Instructions for the task >> Copy out the lines beginning with the one that contains "DISARMING THE RS3200" and ending with the last line below, exactly as they stand. Pictures are not copied.

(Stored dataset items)
"""
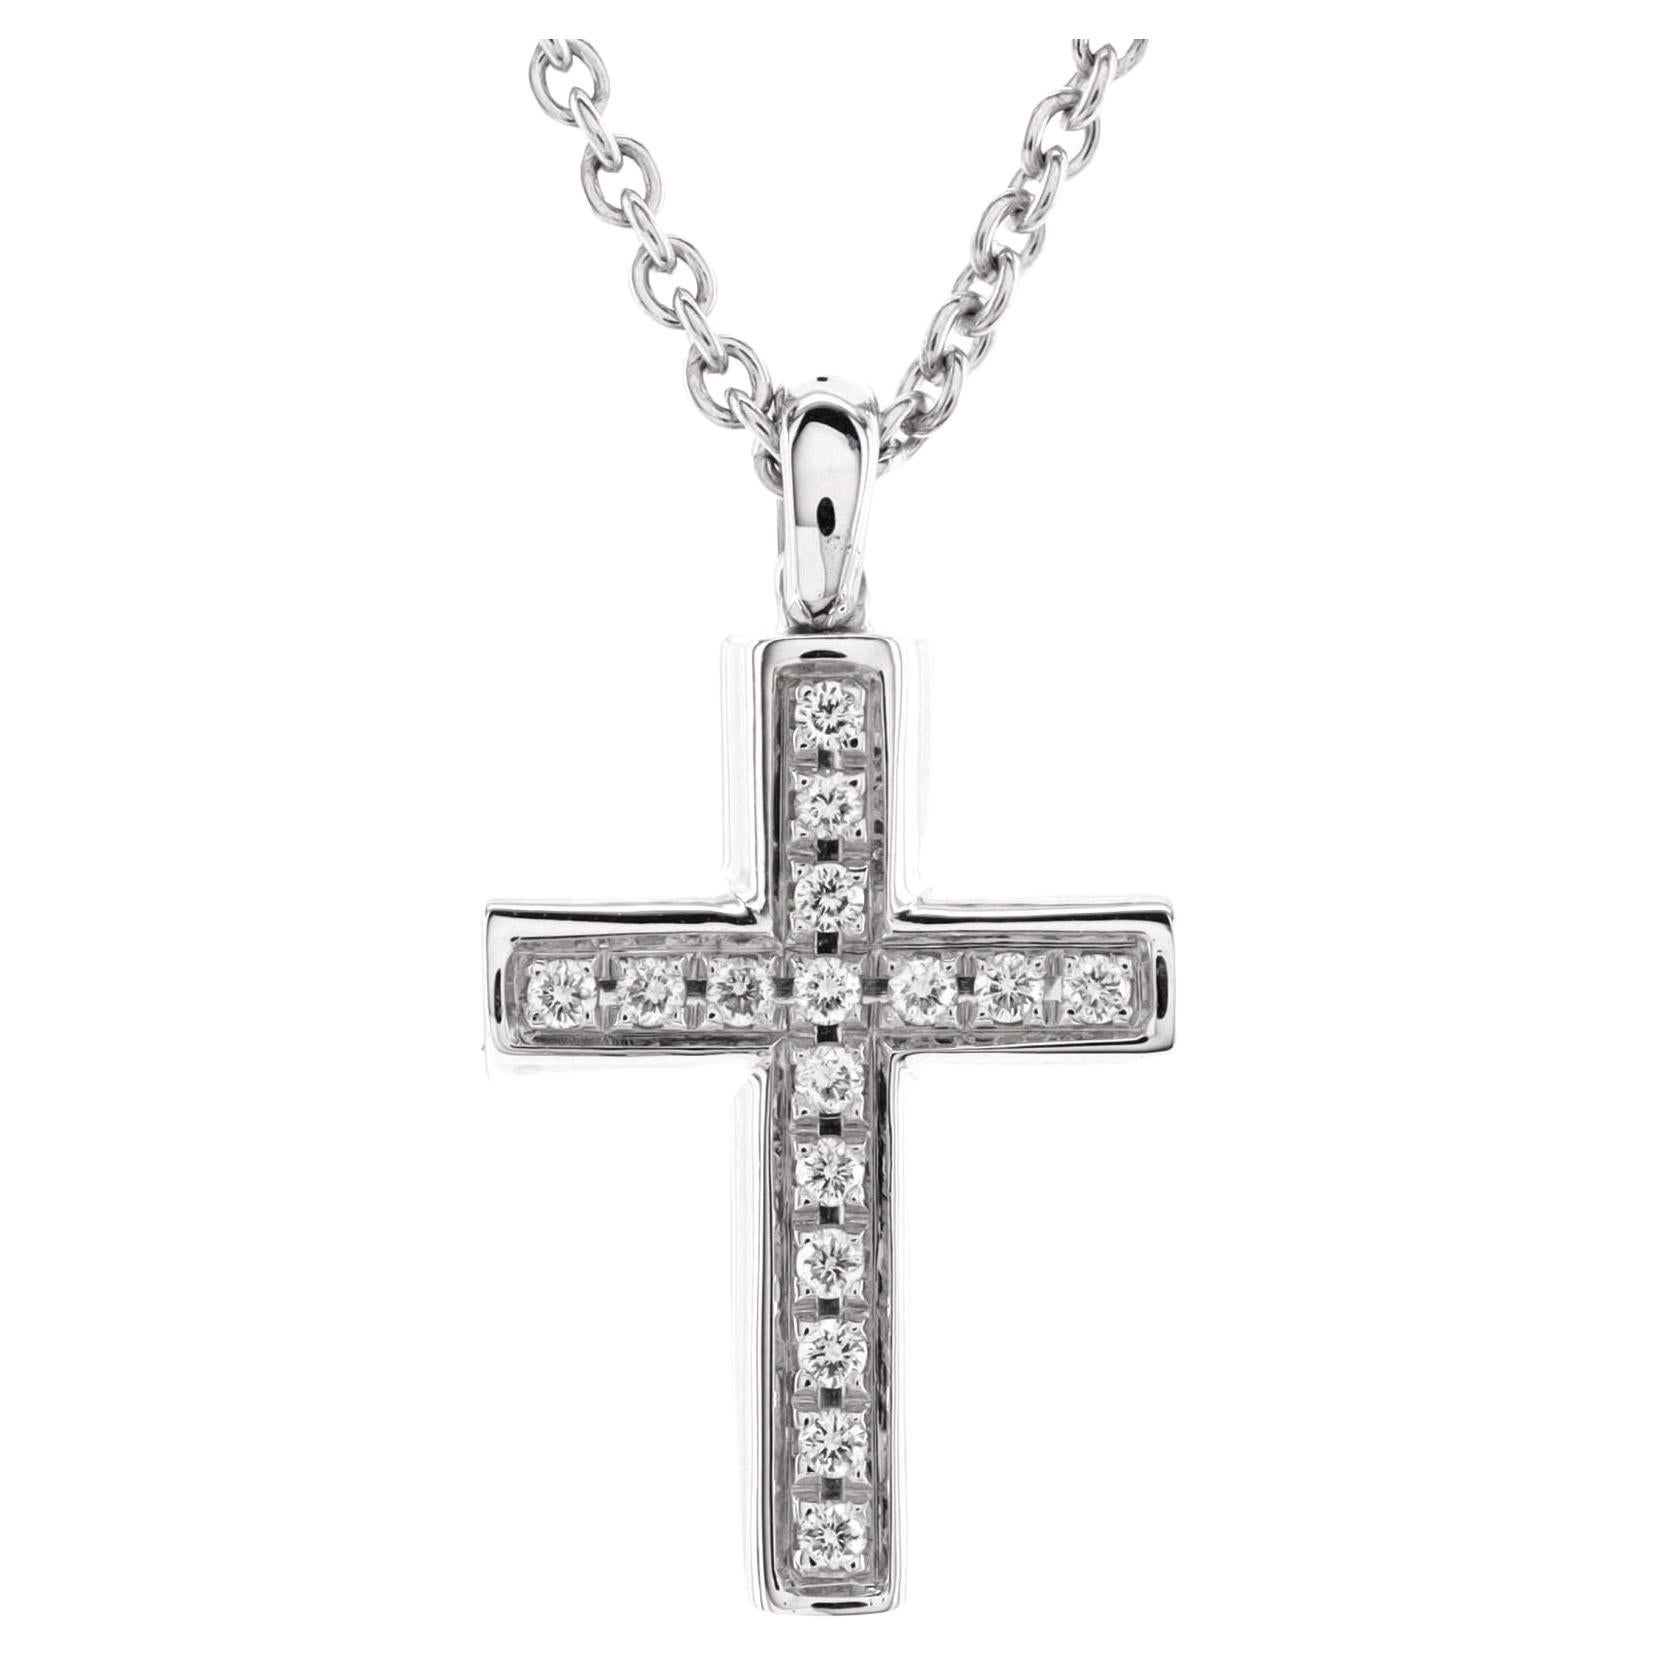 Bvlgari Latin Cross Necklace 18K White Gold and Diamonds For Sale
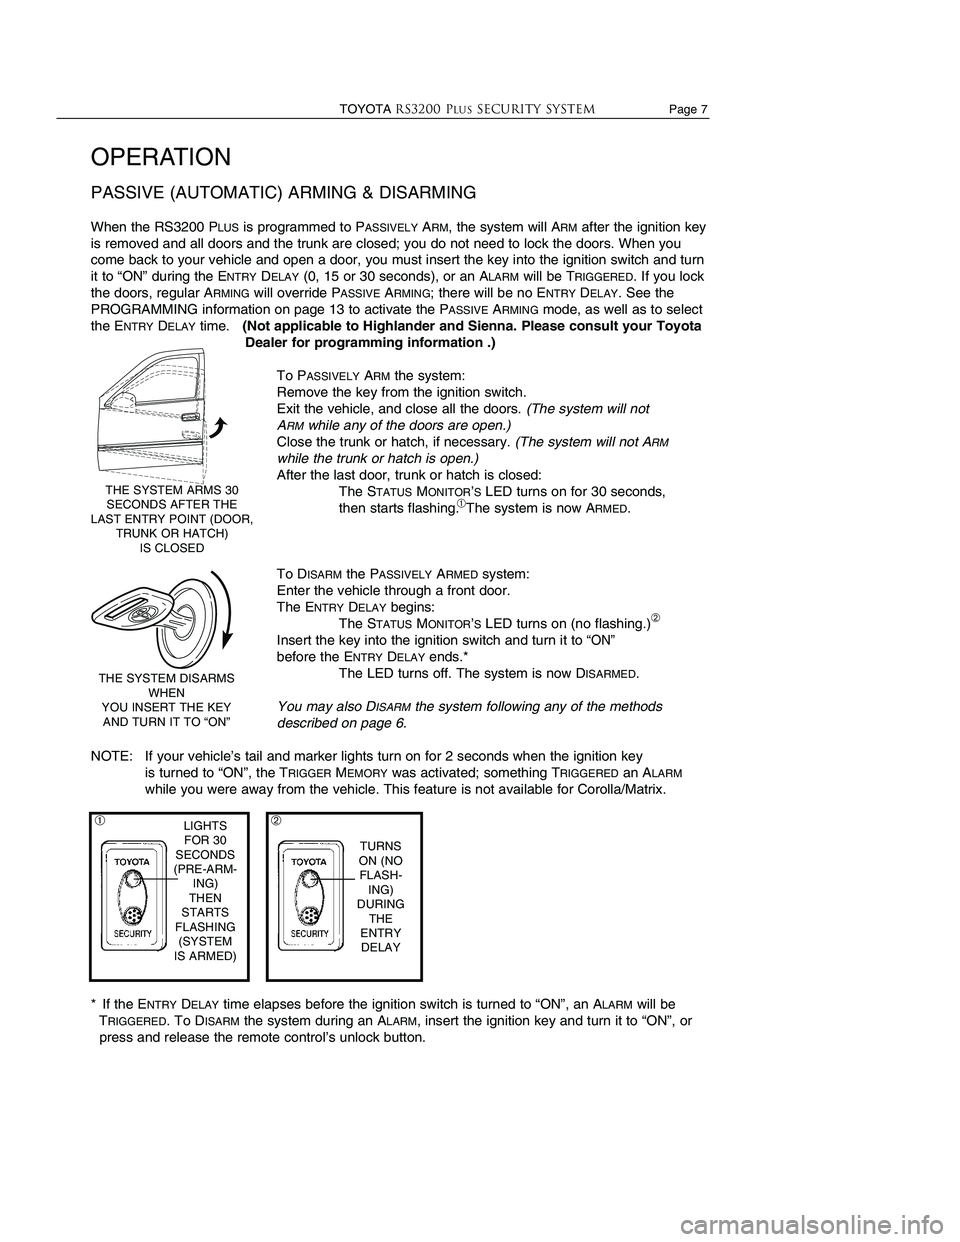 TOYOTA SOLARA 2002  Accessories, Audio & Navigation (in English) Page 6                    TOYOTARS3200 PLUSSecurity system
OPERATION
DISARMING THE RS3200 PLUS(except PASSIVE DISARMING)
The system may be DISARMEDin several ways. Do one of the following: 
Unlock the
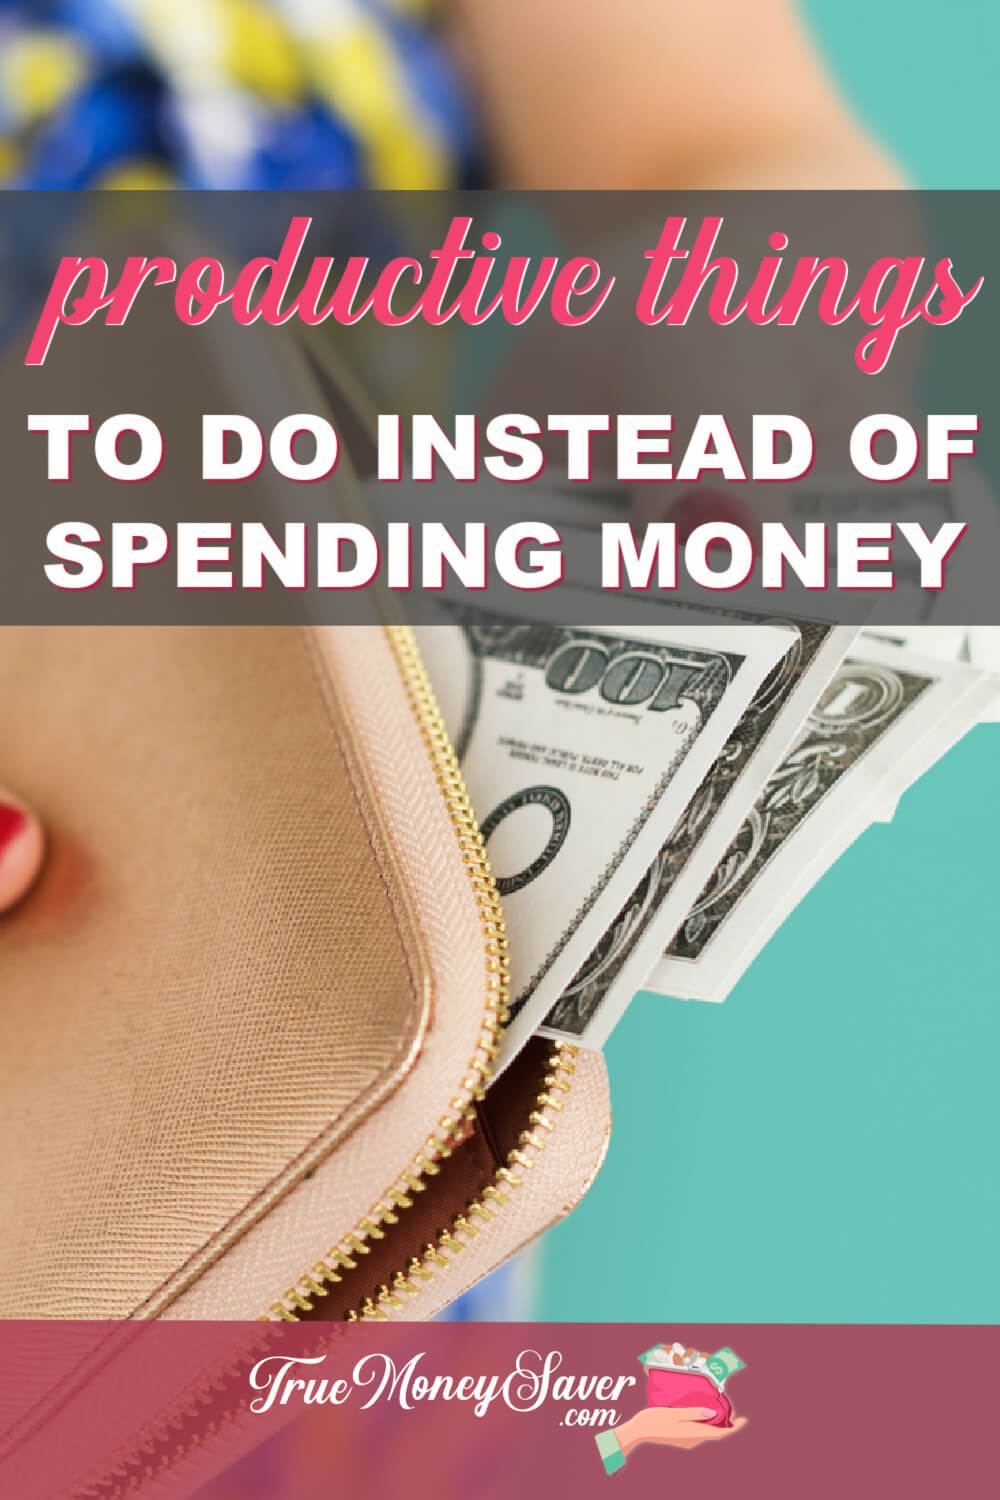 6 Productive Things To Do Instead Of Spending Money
"""
Task answer >>
DISARMING THE RS3200 PLUS(except PASSIVE DISARMING)
The system may be DISARMEDin several ways. Do one of the following: 
Unlock the
 6 Productive Things To Do Instead Of Spending Money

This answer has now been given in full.